Whoa. Whoa. Whoa. Back up the hockey-team-converted-to-Duggar-family-transport-vehicle bus. If God lets you get pregnant again it is his will to risk your own life and the life of a child and possibly leave your other 19 children motherless? Isn't that kind of like the people who choose not to treat their children for cancer because if it is God's will for them to live, they will live without medical intervention? I may have missed the boat, but it seems to me there was something in that there Bible about free will and choosing to go down one path or the other. Last time I checked, the ability or desire to do something didn't necessarily make it a slam dunk in the what-would-Jesus-do "right" game.

So is it God's will for the Duggars to have 20 kids? Maybe. I missed the memo directly from God on that subject evidently. But the memo I did see (in the form of the most printed book of all time) is that as humans we are given free will and are indeed fallible. We don't always choose the right path, even when we think we are doing God's will. We are sinful. We are broken. We are selfish.

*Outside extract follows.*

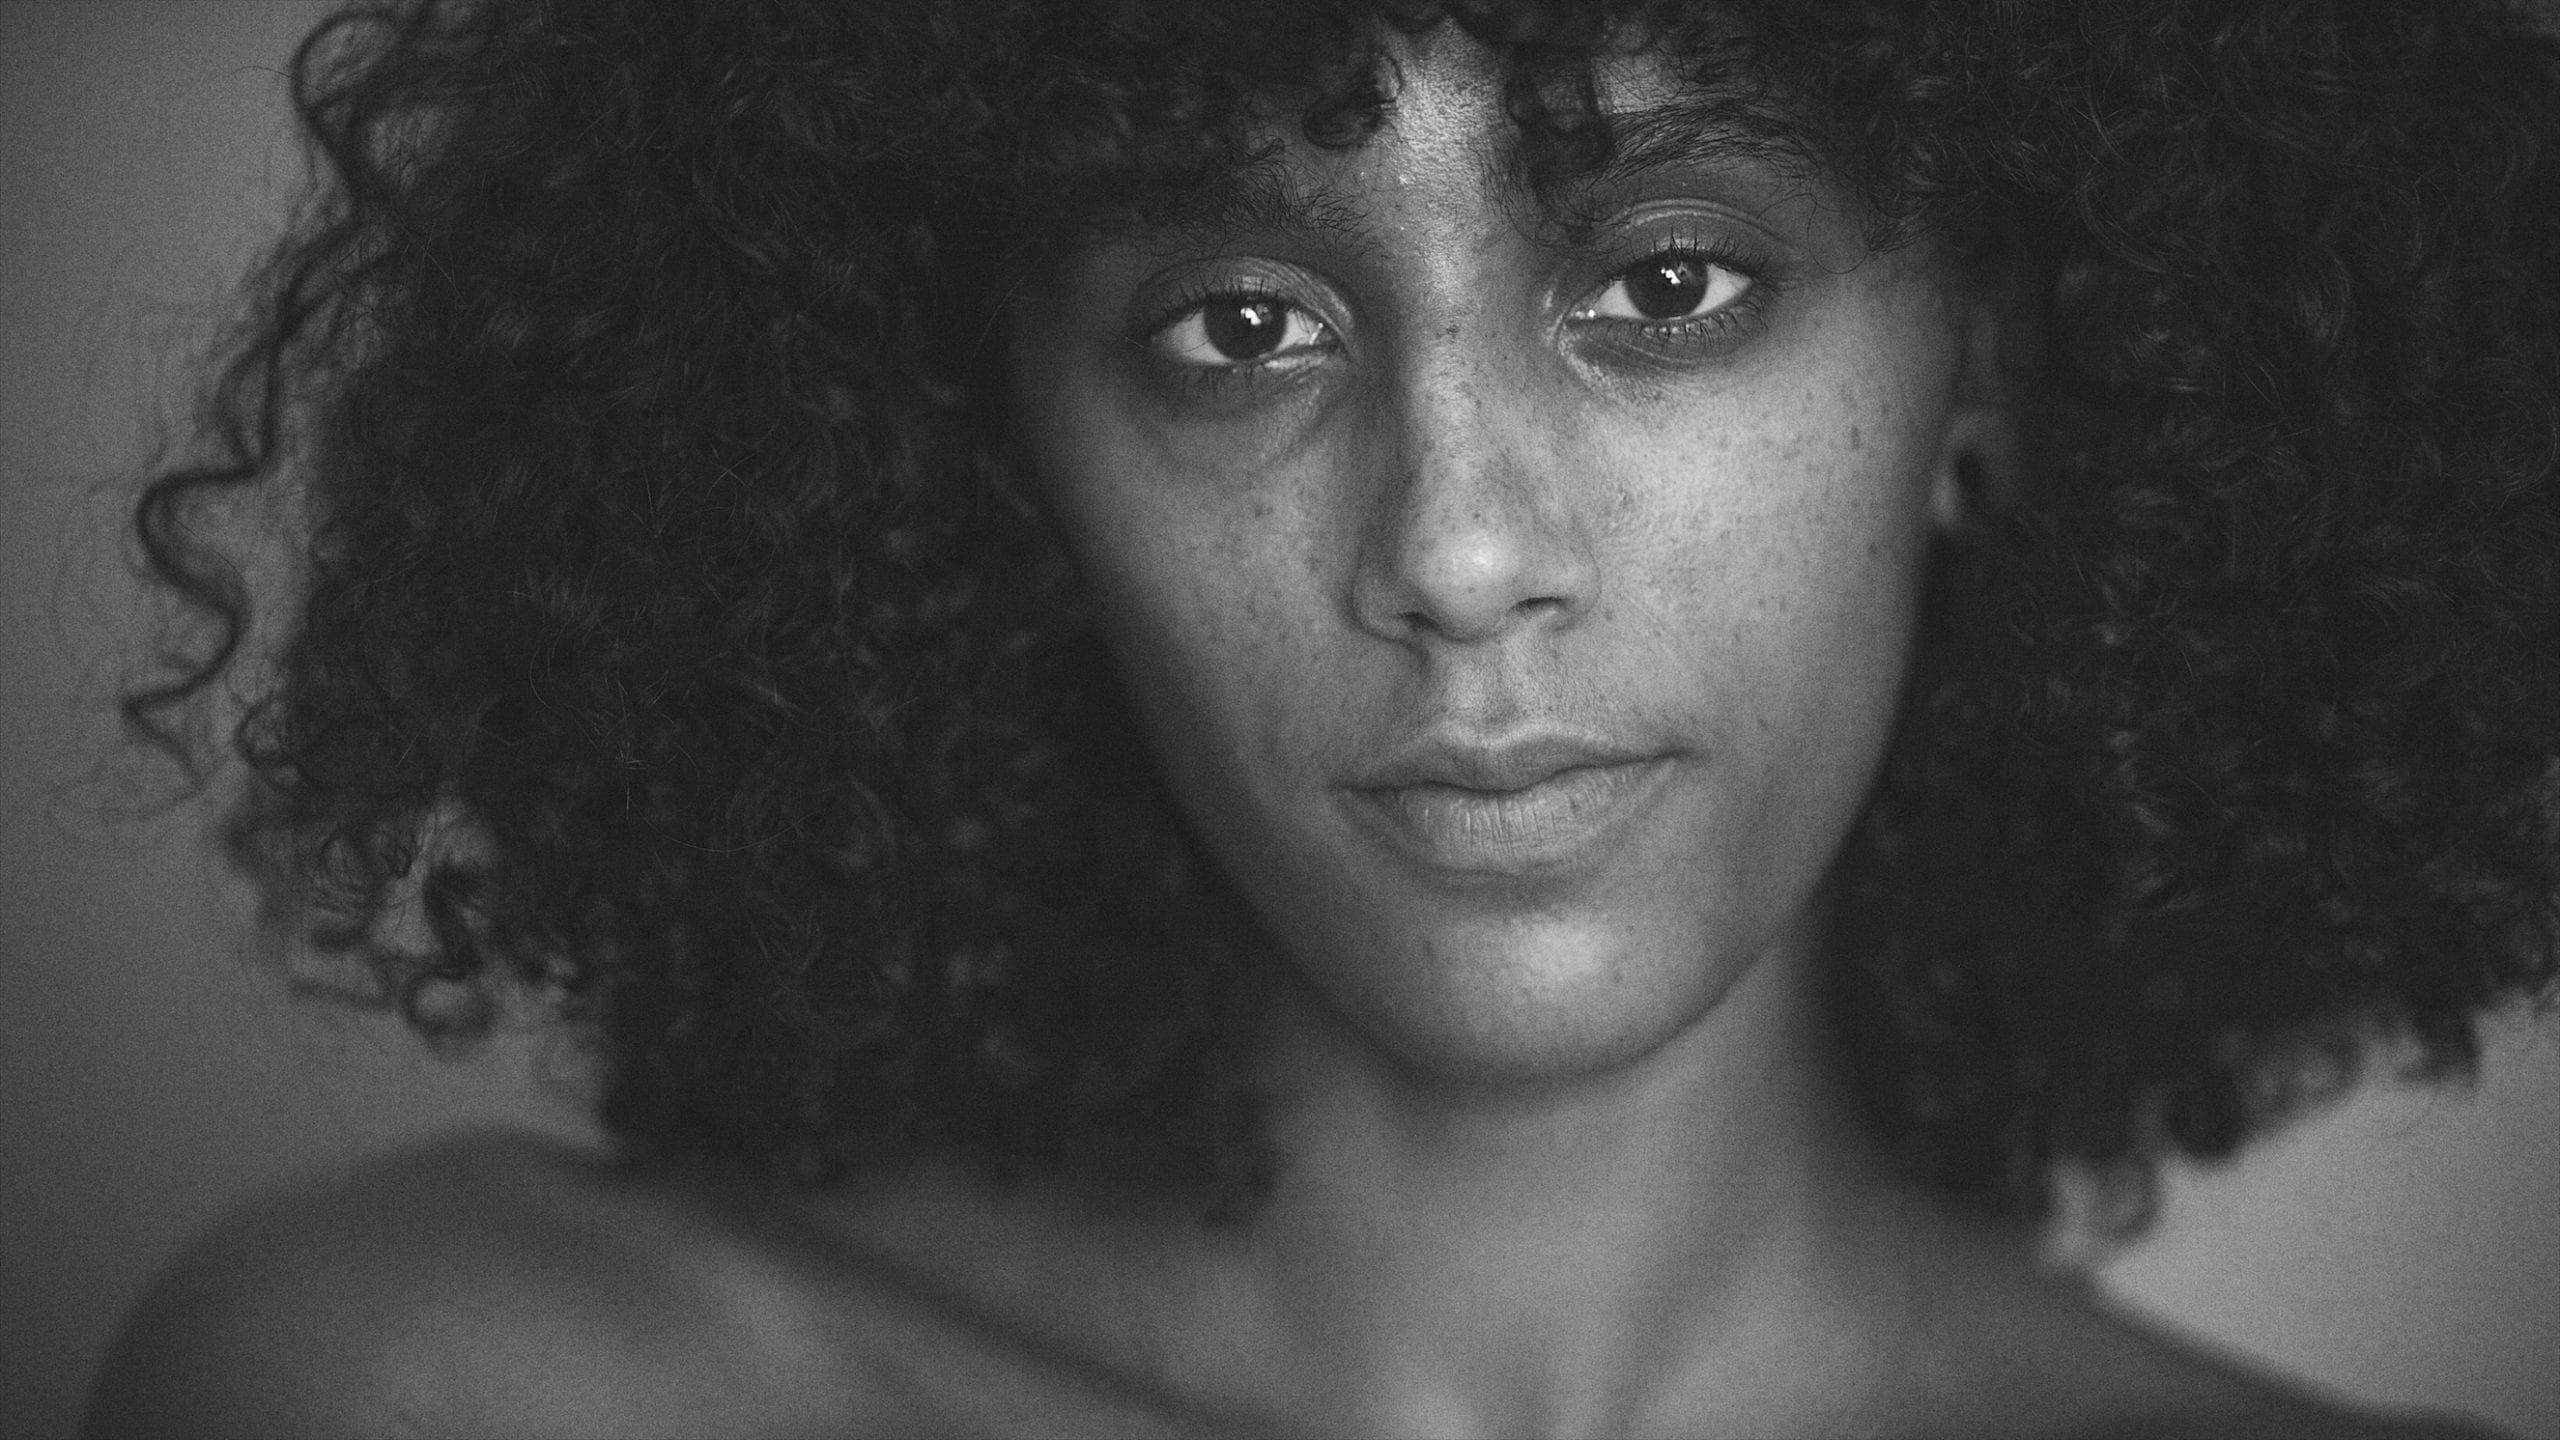 We knew South Florida Model, Jasmine, would be a great fit for this role. Just look at those eyes! Black and white

I can't help but wonder if maybe Michelle and Jim Bob aren't just a little swayed by what THEY desire rather than determining what it is that GOD desires. Do I have any clue (much less hard evidence) what it is that God desires for the Duggars as far as their family size goes? Ummmmm, no. But I am pretty sure no one else does either. Maybe they are just a little bit selfish - kind of like the rest of us mere mortals. And doesn't that leave open the possibility that they are making ill-informed decisions and then justifying them in a way that is hard to argue with (i.e. God's will) since no one knows that for sure?

Of course I don't know any of this for sure. But, as always, I have an opinion. That I am definitely not afraid to share. After all, if I can share it, it must be God's will that I blog about it all I want to, right? Argue with that one, people.